● Task directions: Copy out the lines of the records below, and only those lines, from the one with "Barra de Fruta" through the one with "Christmas wonderland stops", exactly as they appear.

● Source records:
Start of Block

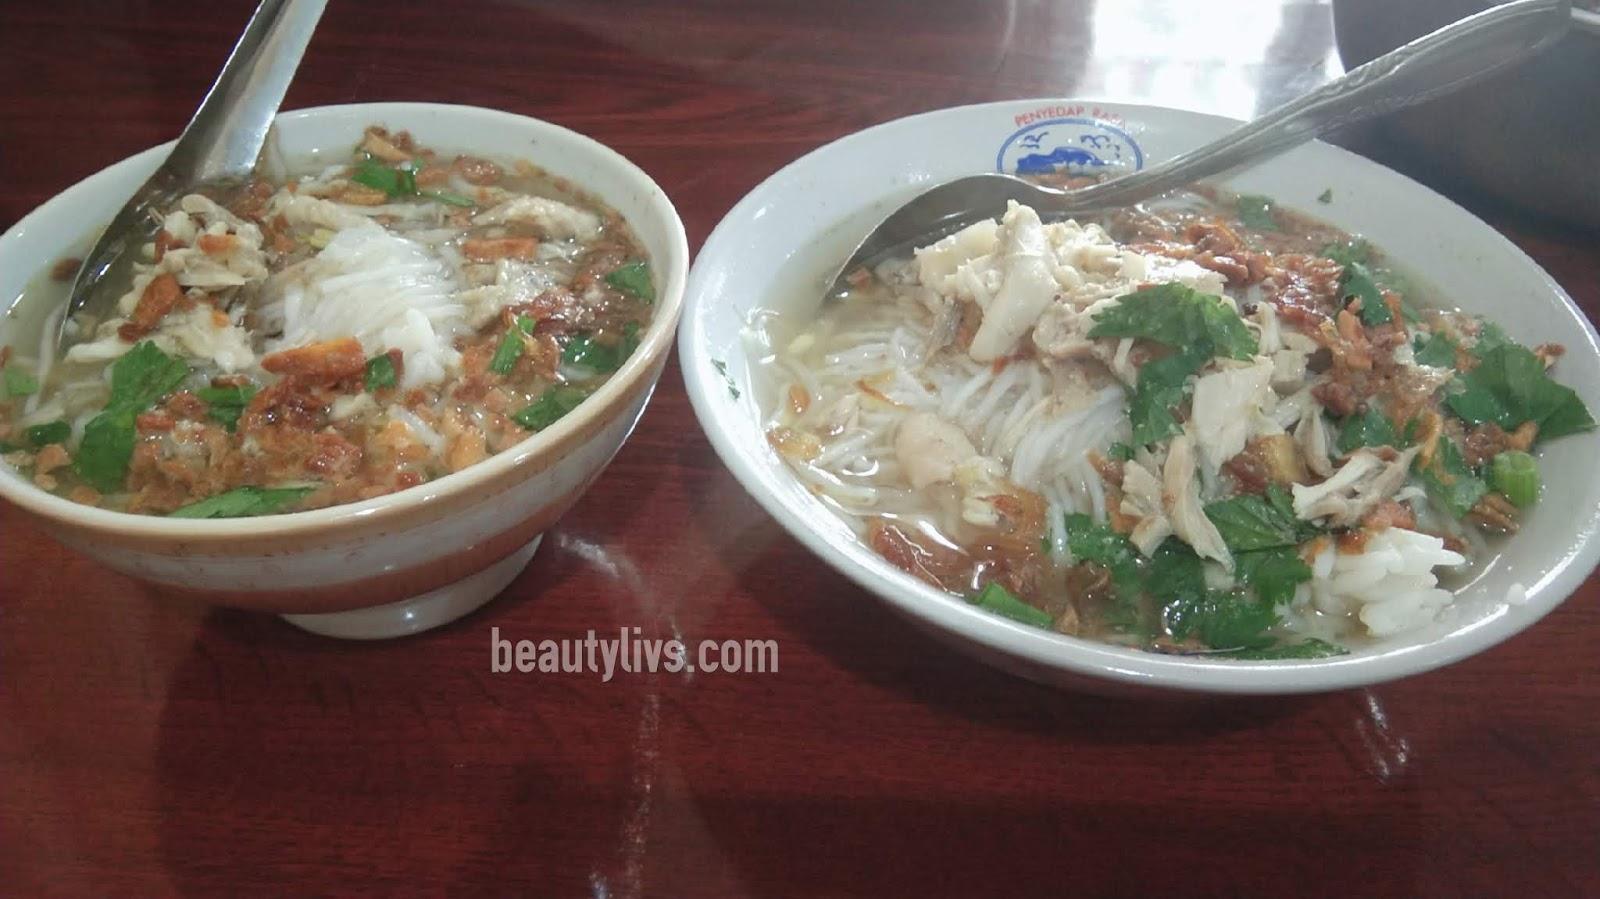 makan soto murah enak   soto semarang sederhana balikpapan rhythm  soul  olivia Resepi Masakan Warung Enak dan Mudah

End of Block
Start of Block

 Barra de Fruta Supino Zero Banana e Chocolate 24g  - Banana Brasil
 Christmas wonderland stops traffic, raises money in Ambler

End of Block
Start of Block

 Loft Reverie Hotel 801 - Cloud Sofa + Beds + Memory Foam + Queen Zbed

End of Block

● Exercise output:
 Barra de Fruta Supino Zero Banana e Chocolate 24g  - Banana Brasil
 Christmas wonderland stops traffic, raises money in Ambler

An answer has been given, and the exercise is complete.